(Dataset records)
· · · · ·

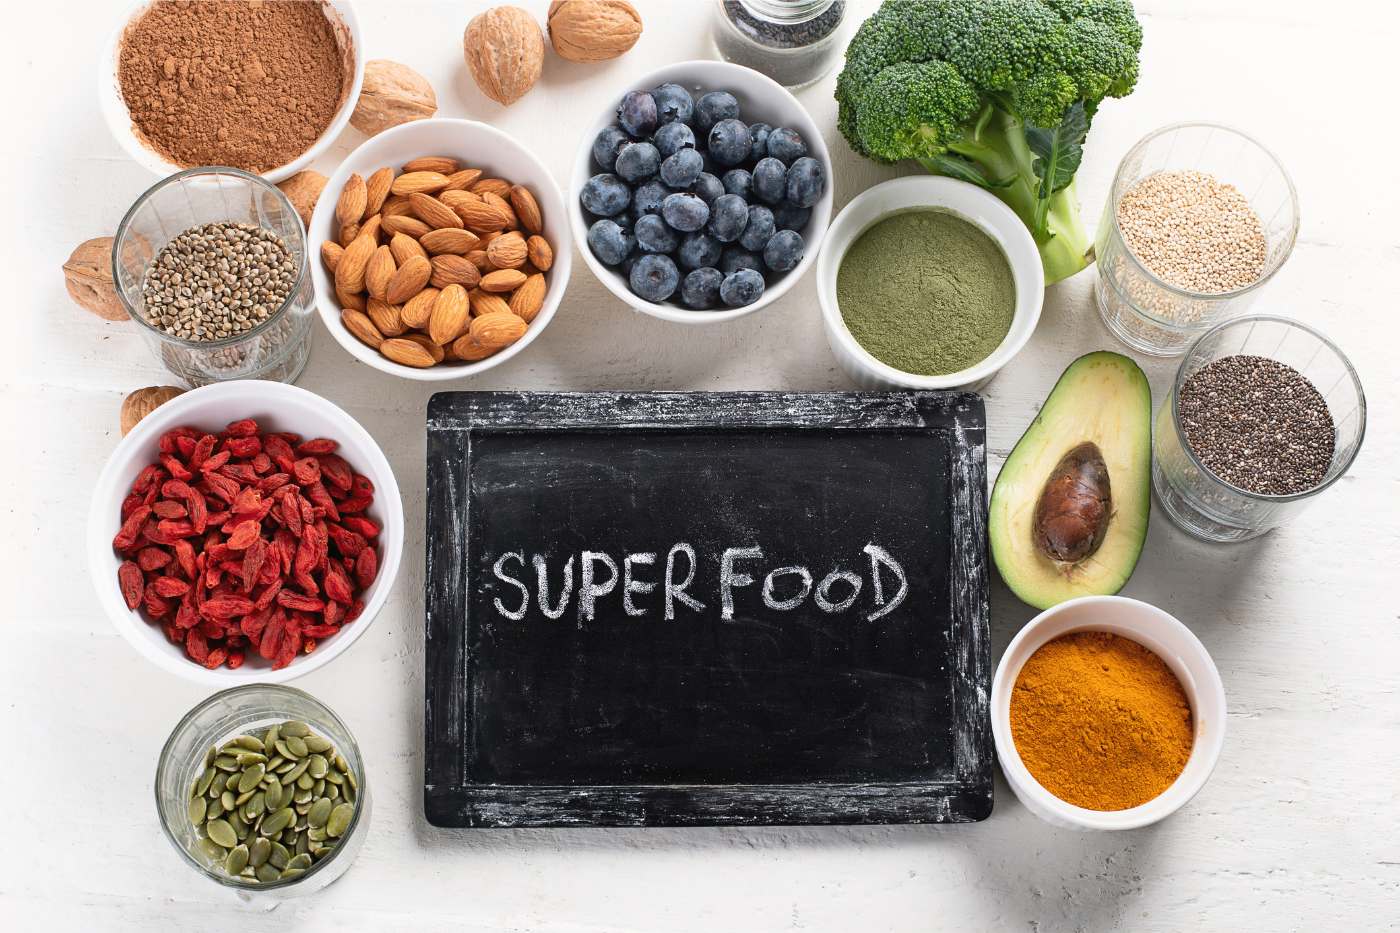 Incorporate Superfoods
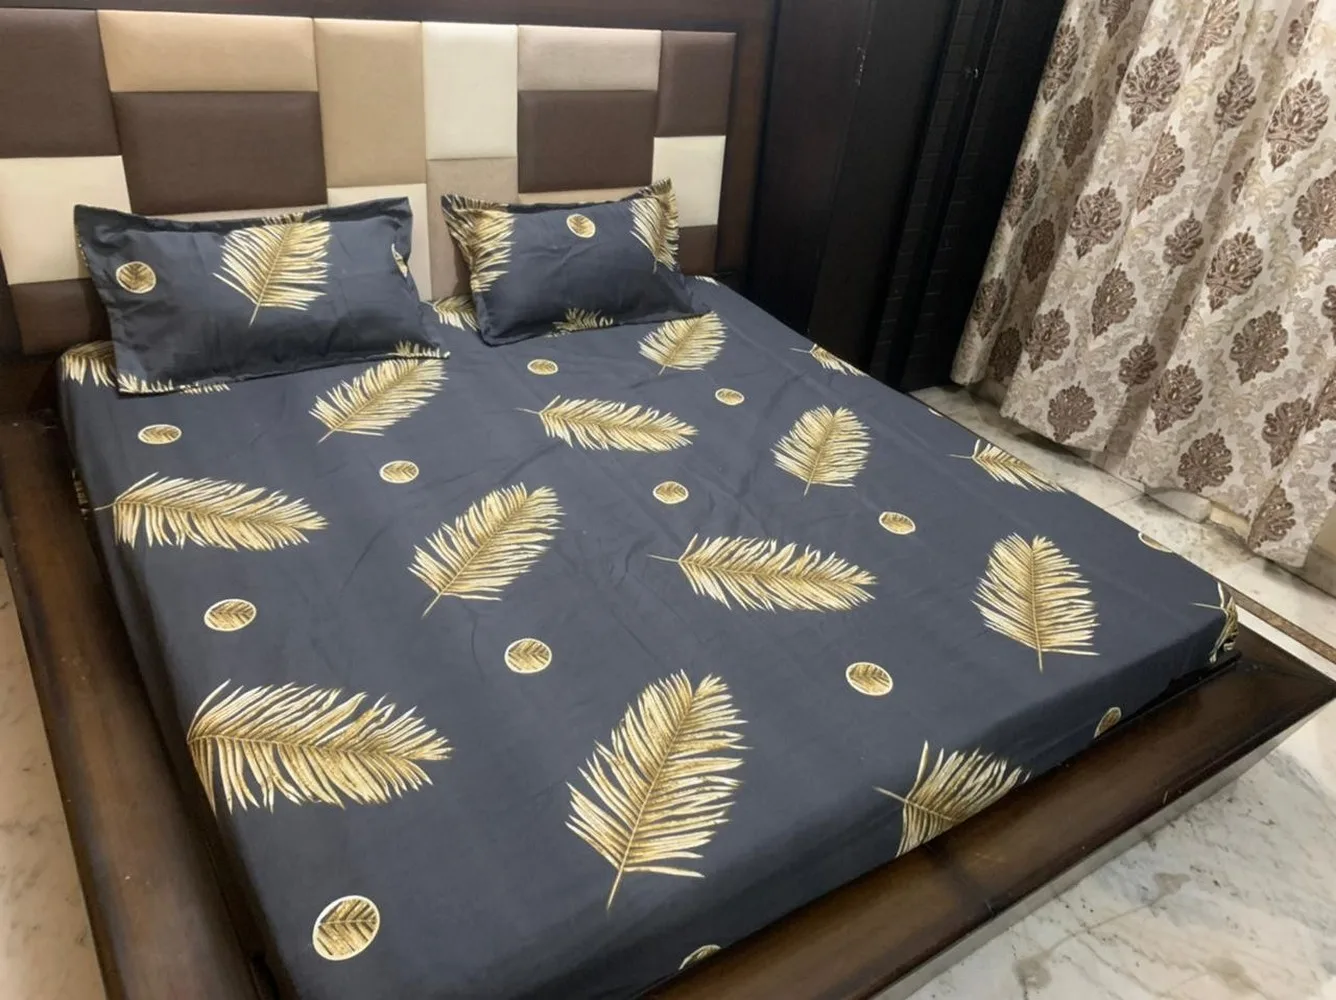 Bedsheet printed, Fitted, Elastic Corner, 90x100, Glace Cotton, 2 Pillow Covers, grey golden leaf design
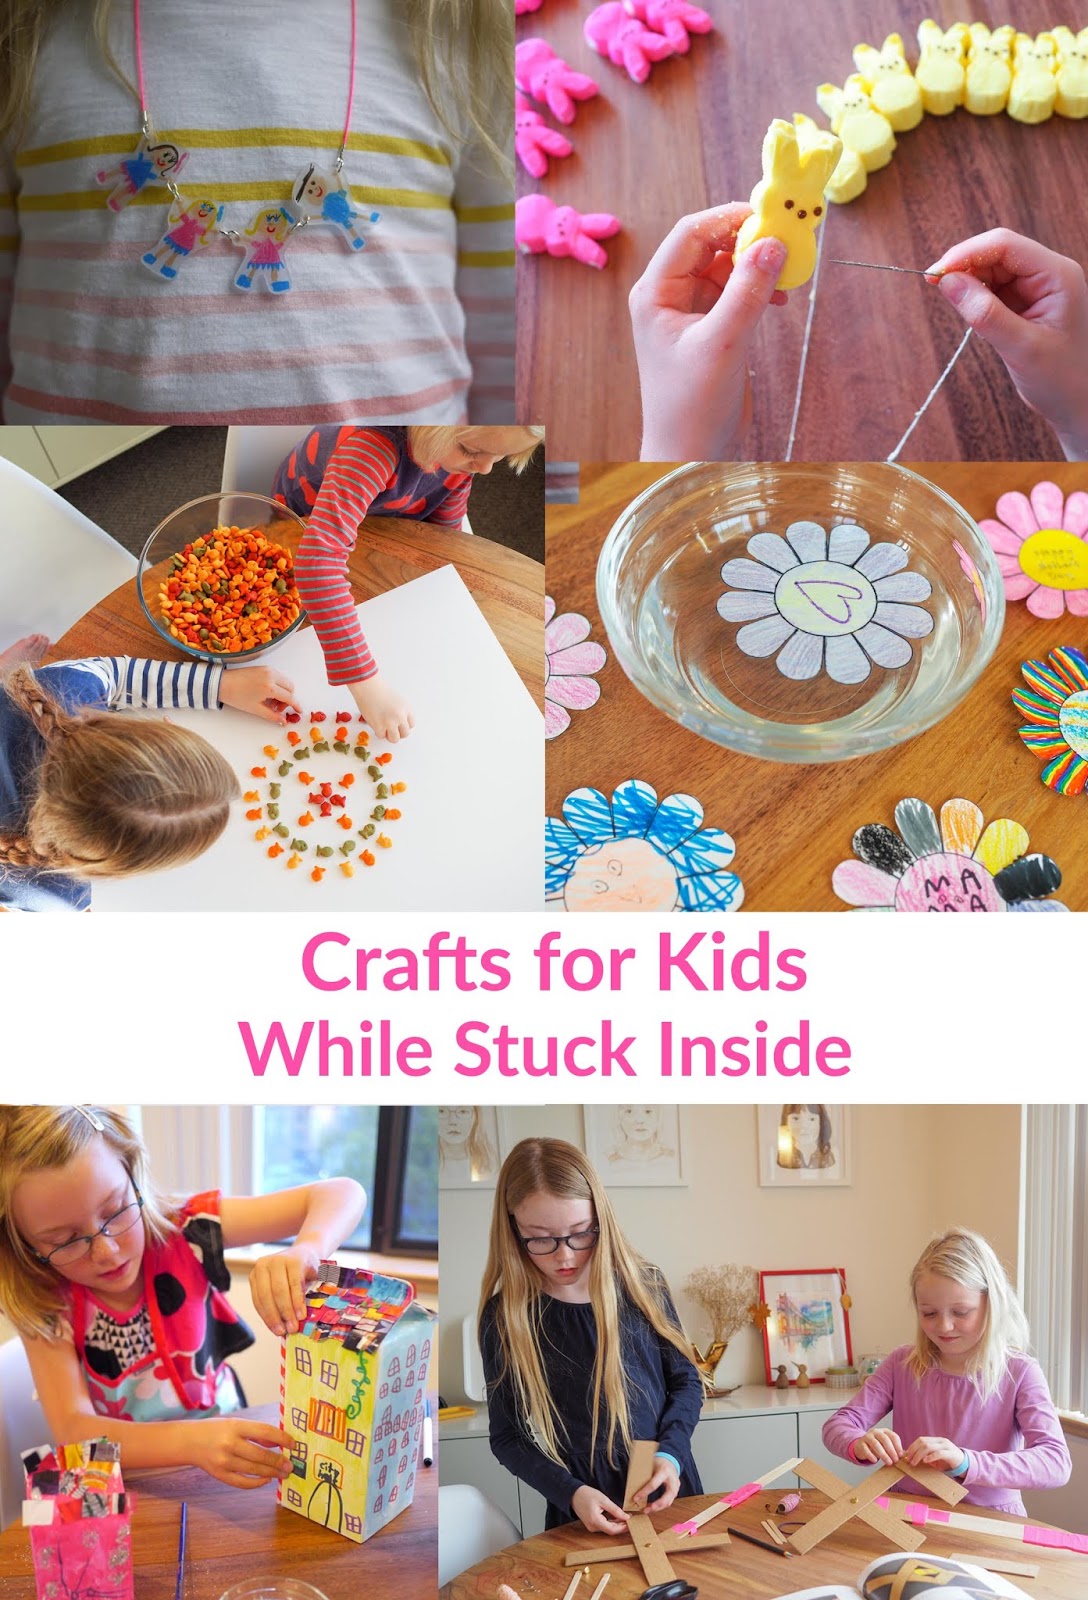 1 Month of Daily Kids' Crafts and Activities to Make with Your Kids
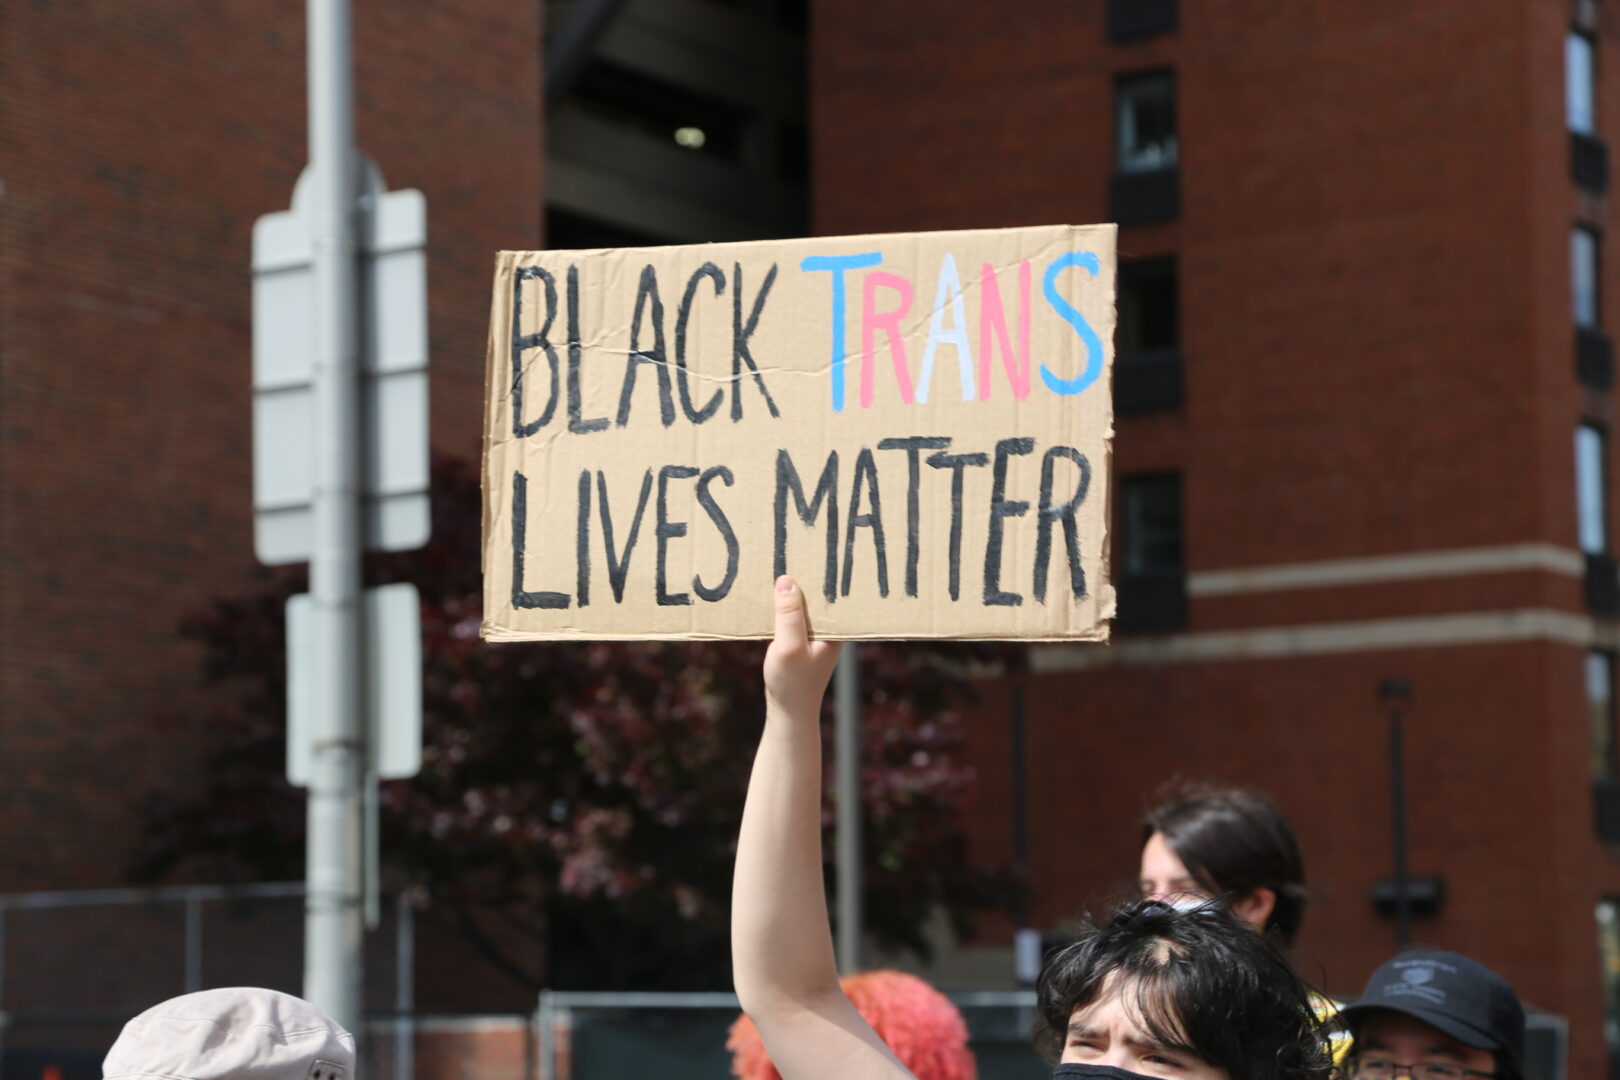 A sign in support of Black trans lives during a demonstration on Sunday, May 2, 2021.
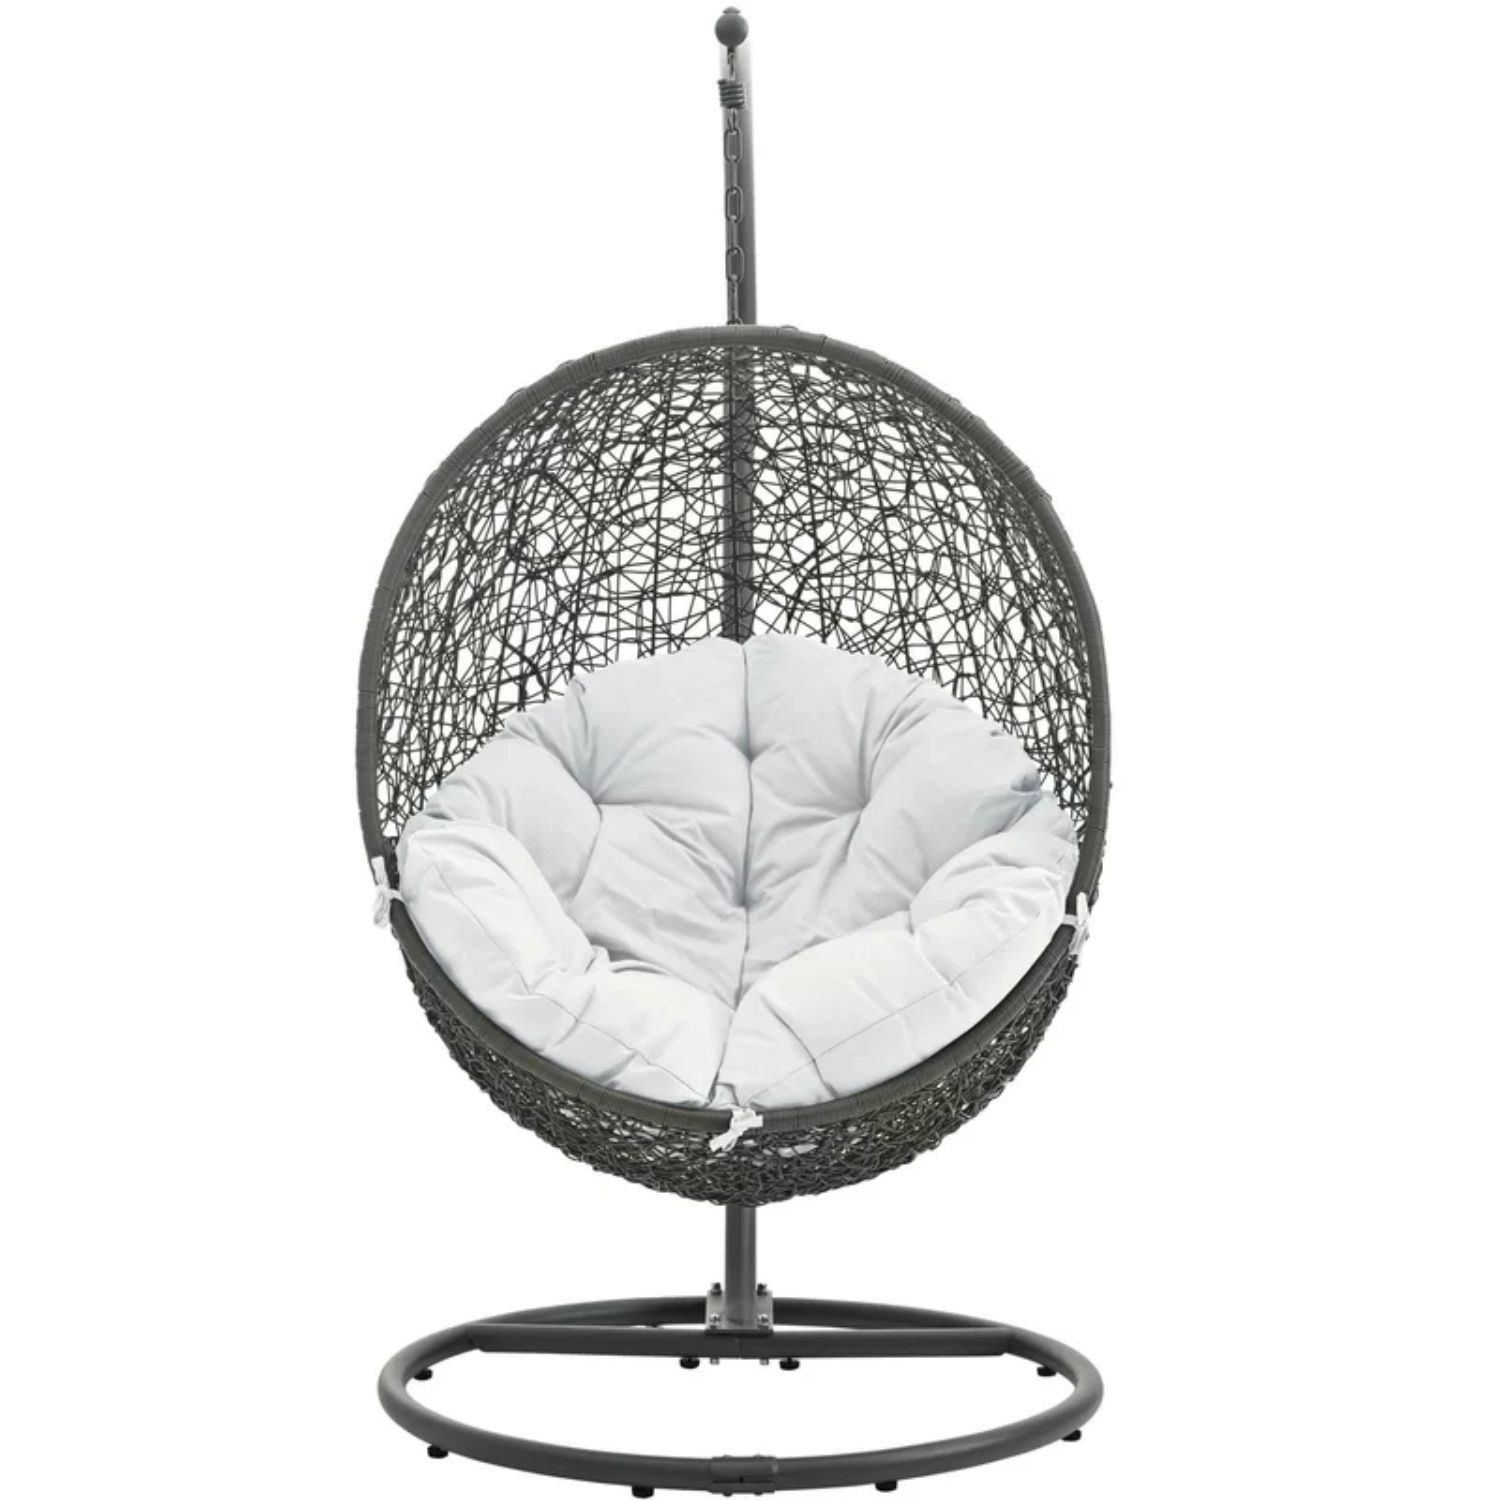 The Best Fire Pit Chairs Option: Swing Chair

· · · · ·

## WORK INSTRUCTION
Exact repetition of all entries is required. The pictures should not appear.

## OUTPUT OF THE EXERCISE
 Incorporate Superfoods
 Bedsheet printed, Fitted, Elastic Corner, 90x100, Glace Cotton, 2 Pillow Covers, grey golden leaf design
 1 Month of Daily Kids' Crafts and Activities to Make with Your Kids
 A sign in support of Black trans lives during a demonstration on Sunday, May 2, 2021.
 The Best Fire Pit Chairs Option: Swing Chair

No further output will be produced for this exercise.